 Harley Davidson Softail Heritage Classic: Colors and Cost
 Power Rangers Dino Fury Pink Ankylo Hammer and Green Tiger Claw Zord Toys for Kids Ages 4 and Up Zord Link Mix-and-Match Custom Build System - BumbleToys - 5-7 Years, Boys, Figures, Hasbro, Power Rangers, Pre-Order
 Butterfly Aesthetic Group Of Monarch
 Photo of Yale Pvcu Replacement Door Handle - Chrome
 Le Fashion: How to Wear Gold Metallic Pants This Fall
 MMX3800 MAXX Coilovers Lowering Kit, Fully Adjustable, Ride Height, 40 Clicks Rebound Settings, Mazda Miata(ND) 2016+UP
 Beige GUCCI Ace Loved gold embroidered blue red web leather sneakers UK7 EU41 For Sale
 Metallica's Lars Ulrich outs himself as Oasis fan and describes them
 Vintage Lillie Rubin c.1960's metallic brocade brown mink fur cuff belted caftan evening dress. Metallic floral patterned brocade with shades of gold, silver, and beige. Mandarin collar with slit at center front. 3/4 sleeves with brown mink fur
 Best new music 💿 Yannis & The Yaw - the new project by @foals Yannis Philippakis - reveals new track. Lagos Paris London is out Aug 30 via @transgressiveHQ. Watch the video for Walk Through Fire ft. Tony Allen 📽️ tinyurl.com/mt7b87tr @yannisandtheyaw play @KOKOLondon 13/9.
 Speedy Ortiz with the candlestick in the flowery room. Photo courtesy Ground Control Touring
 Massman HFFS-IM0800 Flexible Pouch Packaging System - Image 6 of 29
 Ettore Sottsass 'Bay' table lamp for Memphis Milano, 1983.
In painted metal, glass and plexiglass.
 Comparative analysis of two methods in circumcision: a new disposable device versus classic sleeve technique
==================================================
### What is required
Every record should be given again without alteration.

### Solution
 Harley Davidson Softail Heritage Classic: Colors and Cost
 Power Rangers Dino Fury Pink Ankylo Hammer and Green Tiger Claw Zord Toys for Kids Ages 4 and Up Zord Link Mix-and-Match Custom Build System - BumbleToys - 5-7 Years, Boys, Figures, Hasbro, Power Rangers, Pre-Order
 Butterfly Aesthetic Group Of Monarch
 Photo of Yale Pvcu Replacement Door Handle - Chrome
 Le Fashion: How to Wear Gold Metallic Pants This Fall
 MMX3800 MAXX Coilovers Lowering Kit, Fully Adjustable, Ride Height, 40 Clicks Rebound Settings, Mazda Miata(ND) 2016+UP
 Beige GUCCI Ace Loved gold embroidered blue red web leather sneakers UK7 EU41 For Sale
 Metallica's Lars Ulrich outs himself as Oasis fan and describes them
 Vintage Lillie Rubin c.1960's metallic brocade brown mink fur cuff belted caftan evening dress. Metallic floral patterned brocade with shades of gold, silver, and beige. Mandarin collar with slit at center front. 3/4 sleeves with brown mink fur
 Best new music 💿 Yannis & The Yaw - the new project by @foals Yannis Philippakis - reveals new track. Lagos Paris London is out Aug 30 via @transgressiveHQ. Watch the video for Walk Through Fire ft. Tony Allen 📽️ tinyurl.com/mt7b87tr @yannisandtheyaw play @KOKOLondon 13/9.
 Speedy Ortiz with the candlestick in the flowery room. Photo courtesy Ground Control Touring
 Massman HFFS-IM0800 Flexible Pouch Packaging System - Image 6 of 29
 Ettore Sottsass 'Bay' table lamp for Memphis Milano, 1983.
In painted metal, glass and plexiglass.
 Comparative analysis of two methods in circumcision: a new disposable device versus classic sleeve technique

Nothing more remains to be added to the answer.